Степан Злобин - Степан Разин
– Неугоден я стал тебе, государь, то моя и вина во всех незадачах державы, – с обидой сказал Афанасий, стараясь держаться спокойно. – Ан нет человеков на свете, у которых вся жизнь прошла без промашки... А я что бы ныне тебе, государь, ни сказал, что бы ни сделал, ты лишь в раздражение и печаль. Без гнева, по правде размыслить, так сей кровавый мятеж еще раз показал, что Афонька Нащокин во многих великих делах государства был, всеконечно, прав. Из сего мятежа явно стало, что боярский уклад безотменно быть должен порушен, единодержавно должно быть царство и ни в пяди не может быть более терпимо удельное княжество вора донского Корнилки...
– Пошто верноподданца нашего атамана хулишь и вором его называешь? Какое его тебе ведомо воровство?! – взбеленился царь, словно вступался не за донского атамана, а за самого близкого человека.
Предательская поимка Степана Разина обратила к Корниле сердце царя.
Ордын-Нащокин понял, что надо смириться, что не прежнее время и прямым упорством ему уже не взять. Он смирил себя.
– А как нарещи, государь великий, кто царскую власть исхищает? Как нарещи, государь, кто воров и беглых людишек от державных законов с ружьем и снарядом хранит, бережет от дворянской правды? – вкрадчиво заговорил боярин. – Али то не поруха царству?! Хитростью лезет к тебе, государь, донская старшина. Все они воры, как Разин. Казацкий Дон – воли твоей надругательство и государству урон, а от недругов не оборона! Верь ты мне, государь. Казацкое войско – не войско, а волчья свора: то и глядят, где бы крепче зубами вгрызться в тело державы... А сей мятеж показал, что нам надобно новое войско, и о том я тебе, государь, говорил и советовал не по разу... И крестьянство всегда от бояр в разорении будет, покуда торговли да промыслов...
– А дивно, что ты не пошел, Афанасий Лаврентьич, в монахи! Столь поучать ты преклонен, – с насмешкой перебил его царь. – Послушать тебя, то и вспомнится Никон... Тот тоже всегда и во всем оставался прав, ажно поныне стяжал себе славу ученого человека, – а всего лишь мордовский поп!.. И ты бы напялил рясу!

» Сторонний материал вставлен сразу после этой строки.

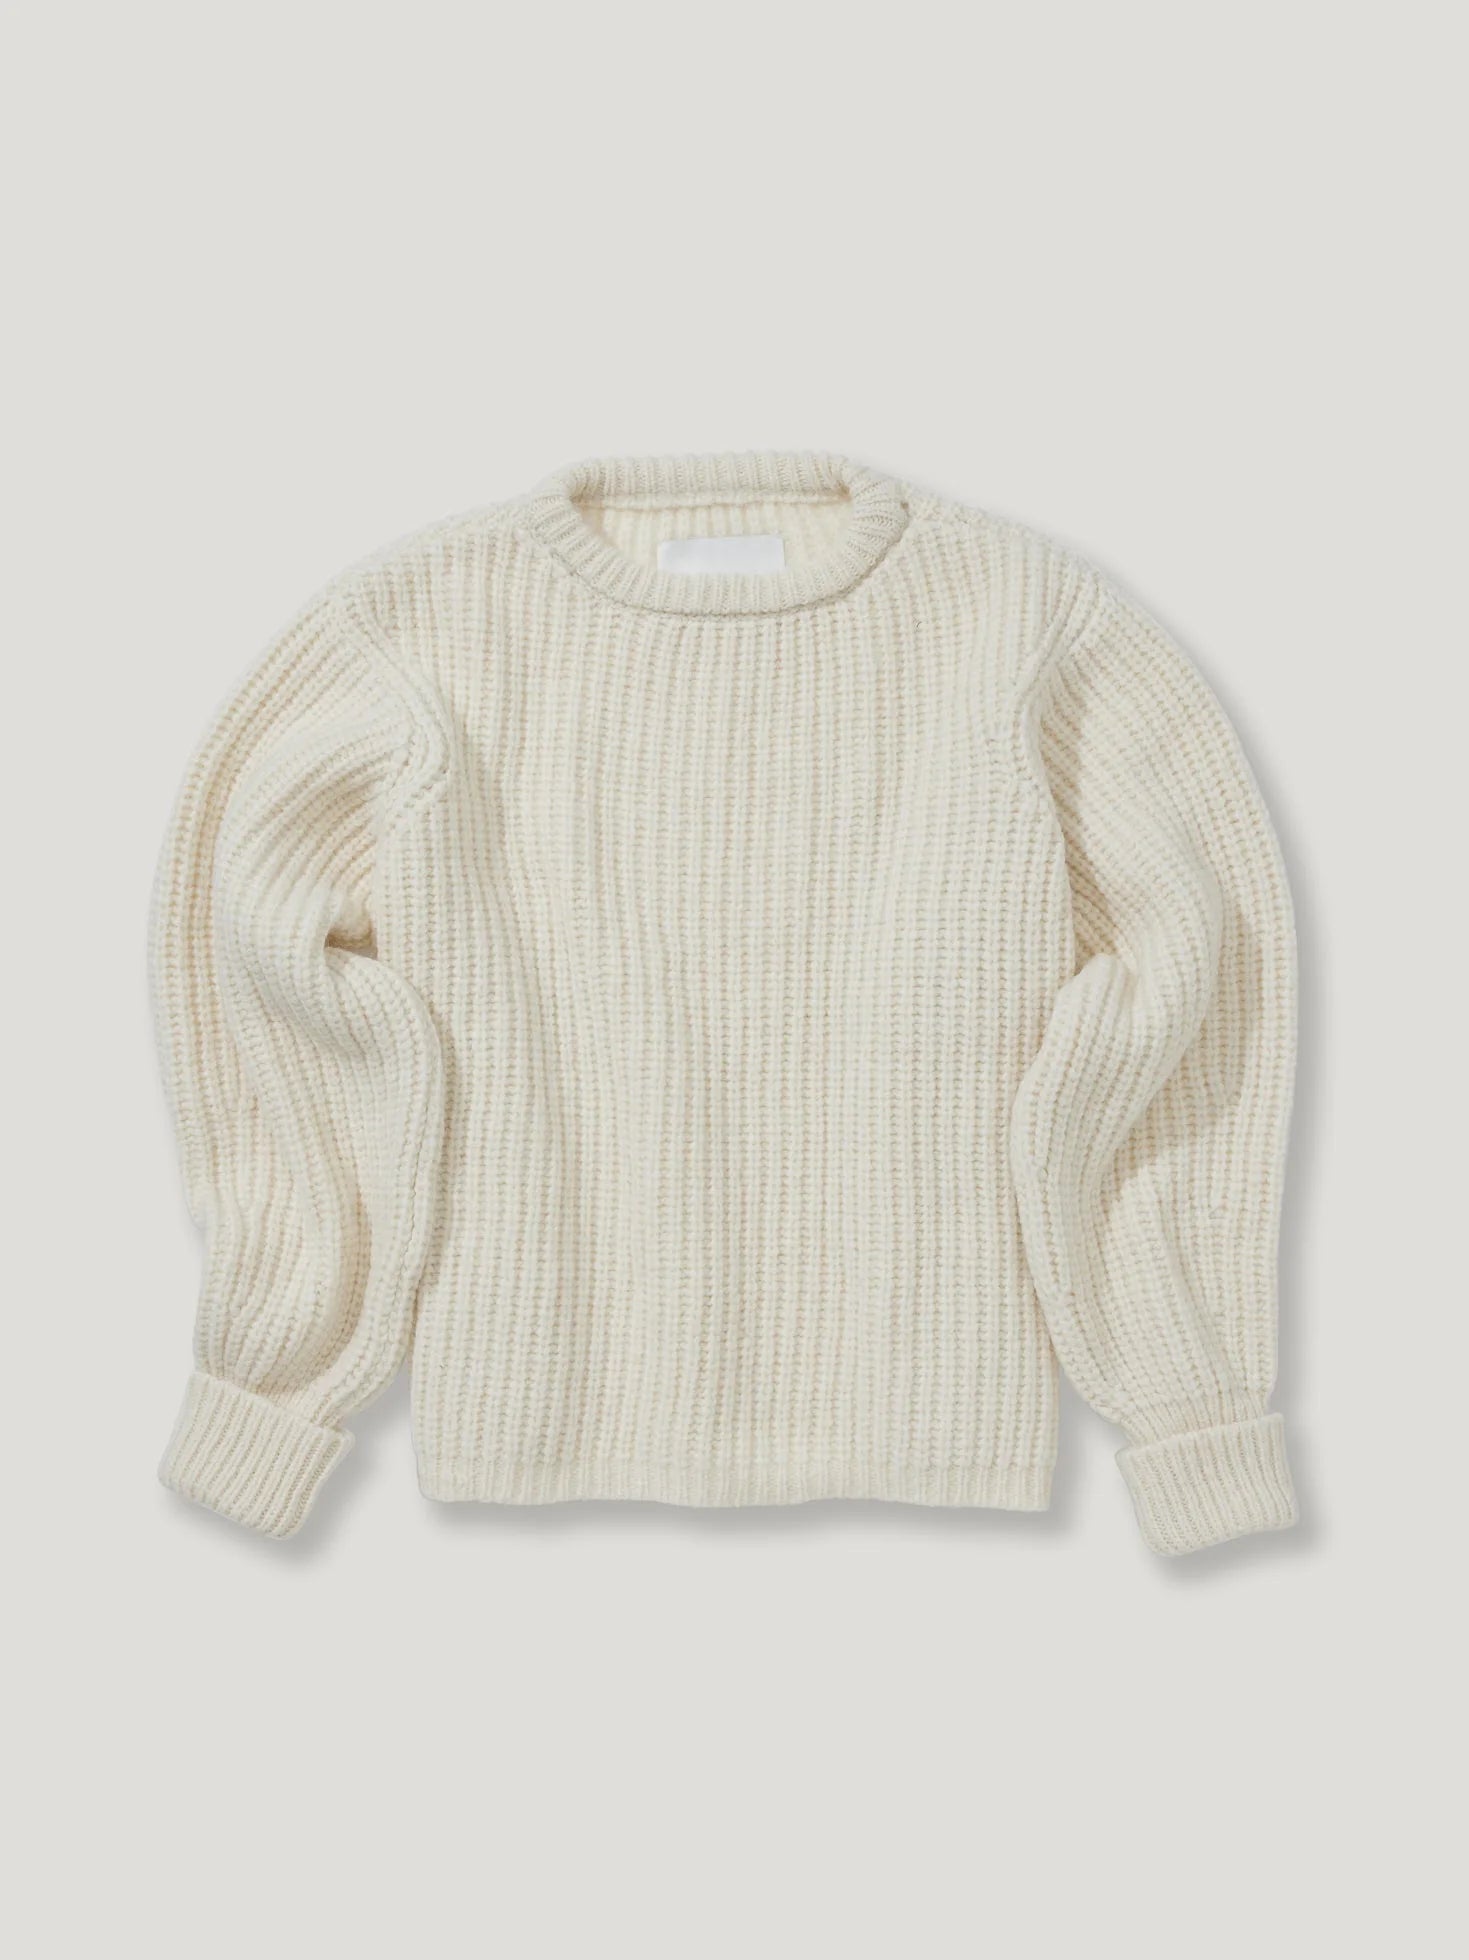 Ida knit sweater in offwhite

– От скорби моей и обид одно и прибежище вижу – обитель божью. Давно уж хотел я тебя, государь, умолять, да не смею: немилостив ты ко мне ныне... – ответил боярин, не глядя в глаза царя.
– О чем ты хотел умолять? – словно не понимая его, спросил царь.
– Отпустил бы меня, государь, в монастырь, о спасении души помыслить...
«Вот тут-то и взмолится государь! Канцлера своего, большой печати и великих и тайных дел сберегателя, упекчи в монастырь-то!.. Небось и не то в курантах напишут по всяким землям!» – подумал со злостью Ордын-Нащокин.
– Да как я тебя отпущу?! – широко раскрыв свои голубые глаза, простодушно и прямо, с некоторой даже растерянностью сказал Алексей Михайлыч. – Али ты уж разгневался, право? Да кто же в приказе Посольских дел станет сидеть у кормила? На все державы ты знатен великим умом!..
– Нет, я не во гневе... Старость подходит. Покоя ищу. А тут молодые взросли! – не сдержав свою радость, ответил боярин. – Вот хотя... Артамон Сергеич... Я мыслю, не менее станет и он искусен в великих делах...
– Не с тобой мне равняться, боярин! – в смущенье возразил Артамон. – Молод я для такого великого дела.
– Полно, что ты! И я ведь не старым родился! – воскликнул Ордын-Нащокин. – Служба державе мудрость дает человекам! – Он покосился в сторону государя. Царь поймал его быстрый взгляд и усмехнулся.
– Ты прав, Артамон! Афанасий Лаврентьич уж так искушен в посольских делах, столь премудр, что ты с ним не мысли равняться, равного не найти ему не токмо что в нашей державе – во всех соседних и дальних не сыщешь. Кабы он не сказал за тебя, то и я усумнился бы дать в твои руки правление дел посольских. Ан в сих великих делах привык я во всем Афанасия слушать. Придется и ныне мне воле его покориться. Когда человек о спасенье души помышляет, грех был бы мне мирскими делами его от бога вдали удержать!..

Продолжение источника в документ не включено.